My view of this is that when the linker takes multiple object files and merges the sections, like .text, .data etc, merge might not be a good description but rather adds them sequentially to the resulting object file. If the source files refer to absolut locations in it's .data section these might not be in the same place after linking ito the resulting object file. Solving this problem can be done using position independant code (PIC) or load-time relocation.

There is an offset between the text and data sections. The linker combines all the text and data sections from all the object files and therefore knows the sizes of these sections.

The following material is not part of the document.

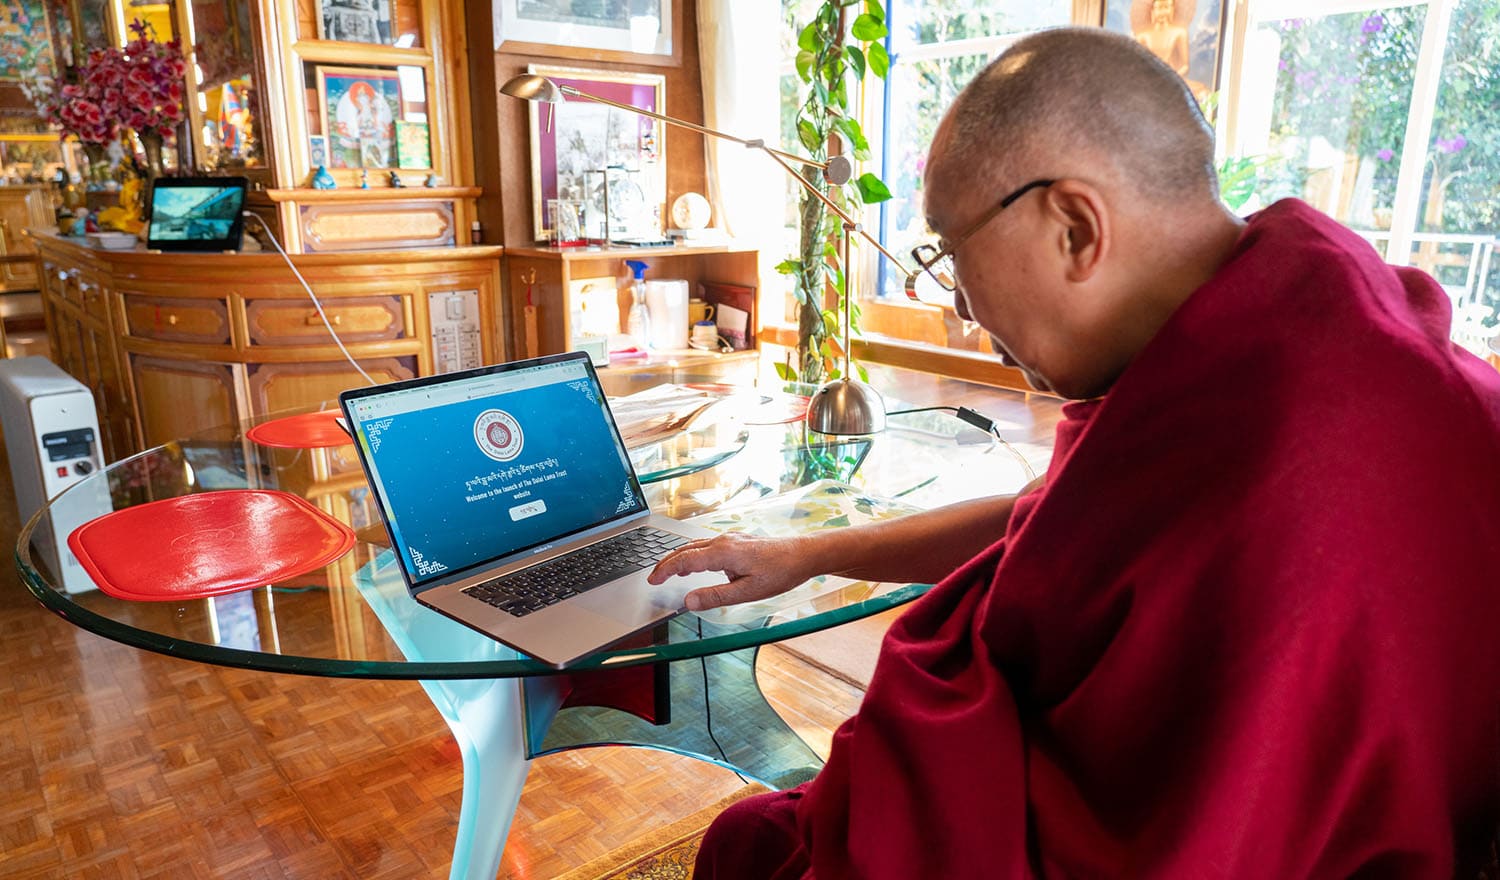 Dalai Lama Trust Website launch photo

So the linker can rewrite the instructions using offsets and the sizes of the sections.

But x86 requires absolute addressing does it not?
If we need a relative address (relative to the current instruction pointer which there is no operation for) a way to get this is to use the CALL some_label like this:

  call some_label
some_label: 
  pop eax

call causes the address of the next instruction to be saved on the stack and then it will jump to some_label. pop eax pops the address into eax which is now the value of the instruction pointer.

PIC are implemented using Global Offset Table (GOT) which is a table of addresses in the .data section. When an instruction referres to a variable it does not use an absolute address (would require relocation) but instead referrs to an entry in the GOT which is located at a well known place in the data section. The entry in the GOT referrs to an absolut address. So this is a sort of relocation but in the data section instead of in the code section which is what was done for load-time relocation. But doing this in the data section, which is not shared and is writable does not cause any issues. Also relocations in the code section have to be done per variable reference and not per variable as is the case when using a GOT.

So that covers variables but for function calls a Procedure Linkage Table (PLT) is used. This is part of the text section. Instead of calling a function directly a call is made to an entry in the PLT which performs the actual call. This is sometimes called trampoline which I've seen on occasions when inspecting/dumping in lldb but did not know what it meant. This allows for lazy resolution of functions calls.Also every PLT entry as an entry in the GOT.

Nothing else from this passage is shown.